Inherited IRA problem

IRA owner died in 2006, too young for RMDs.
IRA Beneficiary was irrevocable trust for minor child.
Family just (2011) got IRA changed over to show the new trust as owner. The new trust is for the benefit of the minor child.
No withdrawals have been taken since the death of the original owner.
Their intention/desire is to stretch out the IRA withdrawals over next few years.
How much do they have to withdraw?



The default method for a beneficiary is life expectancy – you elect life expectancy by taking the first distribution by 12/31 of the year after the death (12/31/07 in this case). Failure to start the life expectancy payments puts you into the five-year rule, which means the IRA is supposed to be empty by 12/31 of the year that contains the 5 year anniversary of the original owners death. In this case, that would be 12/31/2011 BUT because no distributions were required for 2009 – 12/31/2012 would be the final day for a 2006 death of someone who was too young to have commenced RMDs.

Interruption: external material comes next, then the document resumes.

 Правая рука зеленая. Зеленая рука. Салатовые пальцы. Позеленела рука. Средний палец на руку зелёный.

There have been instances where beneficiaries have calculated what the missed distributions would be (for 2007, 2008 and 2010) – withdrawn those amounts from the IRA and asked IRS to rule that they can go forward with a life expectancy payment schedule based on the life expectancy of the trust beneficiary. A ruling request is expensive but if the numbers are large it would be a great tax savings.

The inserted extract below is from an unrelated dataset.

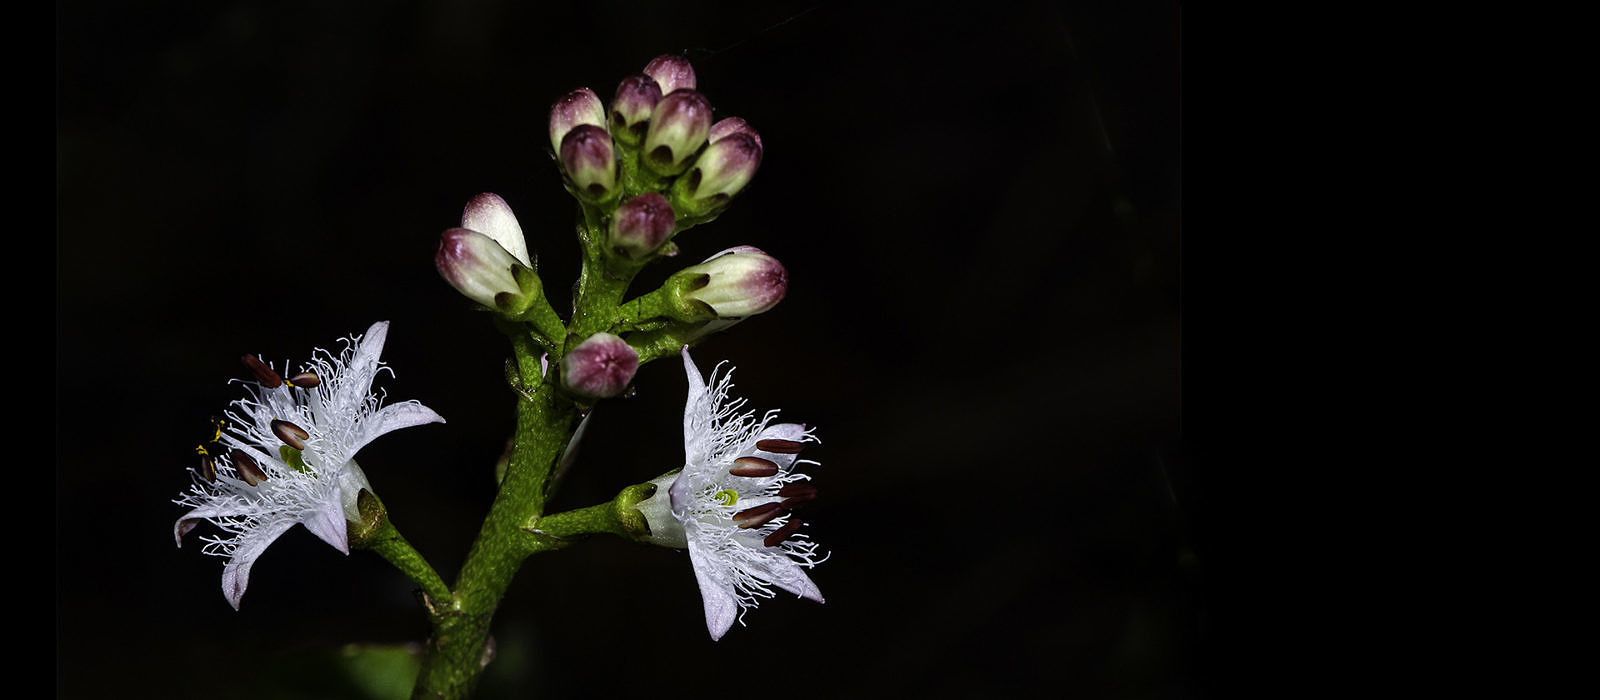 Bogbean (Menyanthes trifoliata) by Bryan Pfeiffer

Even the ruling doesn’t help if the trust doesn’t qualify for “see through” treatment. There are 4 requirements to meet in order to use the life expectancy. One of them requires that documentation is provided to the IRA custodian about the trust beneficiary by October 31 of the year after the death. Since there has been such a delay in funding the trust, it’s possible that this requirment has not been met and you’re stuck with the 5-year rule.



Thanks, Mary Kay!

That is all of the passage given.